To dispute or not to dispute? That may be the question for Plaintiffs’ counsel, but courts nationwide continue to say ‘tis nobler to show true inaccuracy.

Author: Avanti Bakane, Neha Dagley, and Melissa Manning

Eastern District of Michigan court dismisses Credit Repair Lawyers of America’s non-dispute claims under the FCRA.

While Plaintiff freely admitted that in the past she disputed her accounts with the credit reporting agencies, she subsequently had a change of heart. As a result, Plaintiff took umbrage with the ‘account in dispute’ notation appearing on her credit reports. Instead of communicating her current lack of dispute directly to the furnishers, Plaintiff alleged she provided notice only to the CRAs. Importantly, any supporting documentation was wholly missing from Plaintiff’s amended complaint. When the notation was not removed, Plaintiff filed suit alleging that defendants furnishers and credit reporting agencies violated the FCRA with their inaccurate reporting.

In a succinct opinion, without holding any oral argument, District Judge Nancy G. Edmunds disposed of Plaintiff’s claims against multiple furnisher defendants, granting their motions to dismiss.

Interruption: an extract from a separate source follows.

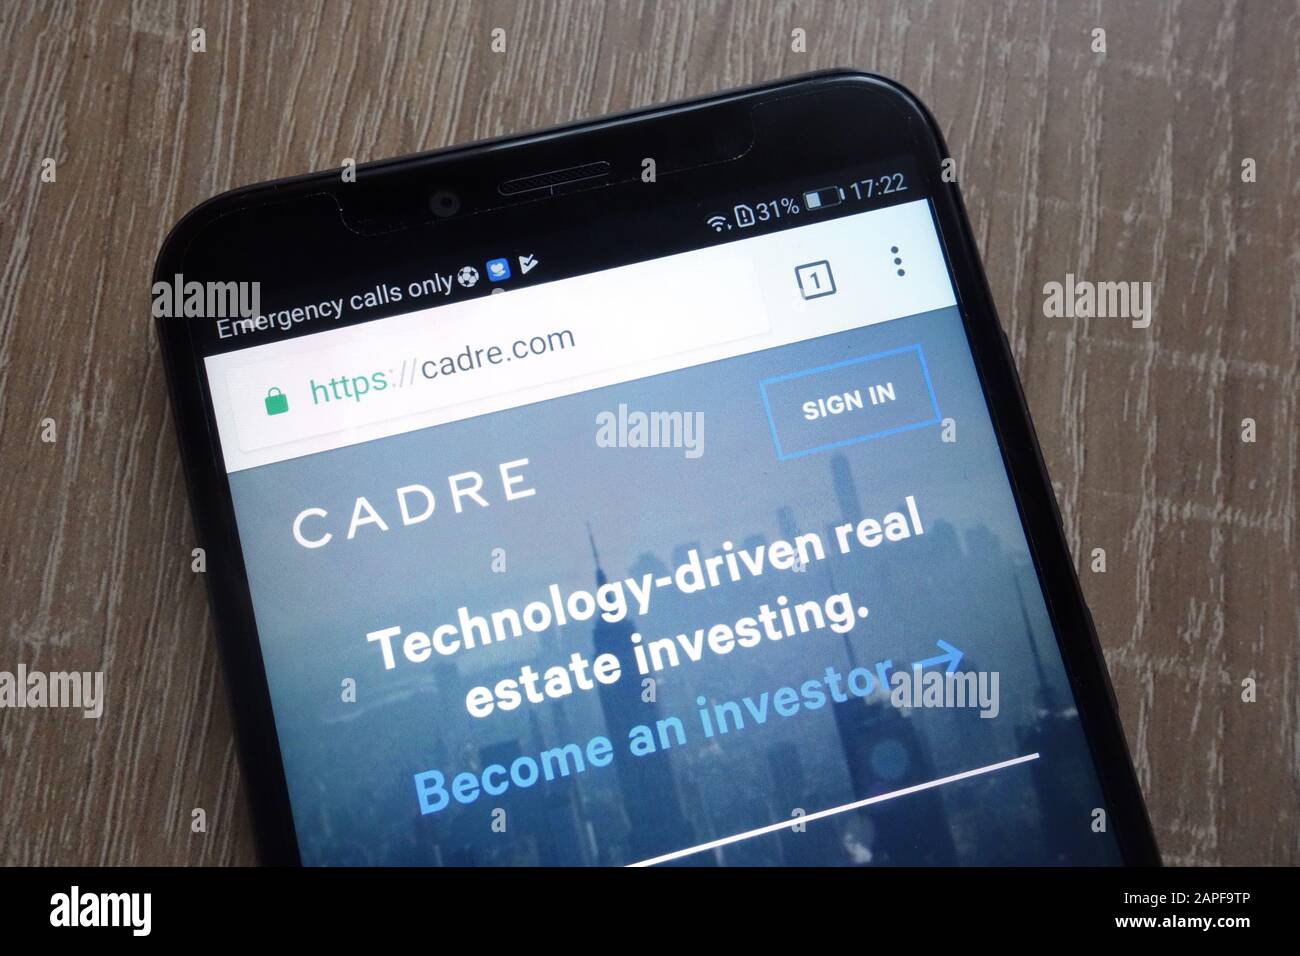 Cadre fintech company website displayed on a modern smartphone Stock Photo

First, the Court found that Plaintiff’s failure to allege that she sent her non-dispute letter directly to furnisher PRA was fatal to her claims.

Further, the court found that Plaintiff’s bare bones and boilerplate recitation that her prior dispute notations were no longer accurate failed to meet the standard of pleading an FCRA claim, i.e. to claim a reasonable investigation was not performed, in the first instance, Plaintiff must establish a true inaccuracy:

Plaintiff simply makes the conclusory allegation that these “dispute” notations are inaccurate, without further identifying how so. “It is well settled that, regardless of the particular breach of the FCRA that is alleged, ‘a threshold showing of inaccuracy or incompleteness is necessary in order to succeed on a claim under § 1681s-2(b).’” Tillman v. Michigan First Credit Union, 2021 WL 1267583 (E.D. Mich. Apr. 5, 2021) (discussed on summary judgment)(citing Pittman v. Experian Information Solutions, Inc., 901 F.3d 619, 629 (6th Cir. 2018)).

In denying leave to amend as futile, the Court found that Plaintiff’s amended complaint suffered the same deficiencies as her original. Also, Plaintiff has had the benefit of the “growing body of case law that address the deficiencies of her claims.”

The ruling comes as a welcome victory for Gordon & Rees and the industry as this theory spreads, albeit now under the FDCPA.

Chandra Young v. Portfolio Recovery Associates, et al. (E.D. Mich. 21-10095 March 29, 2022).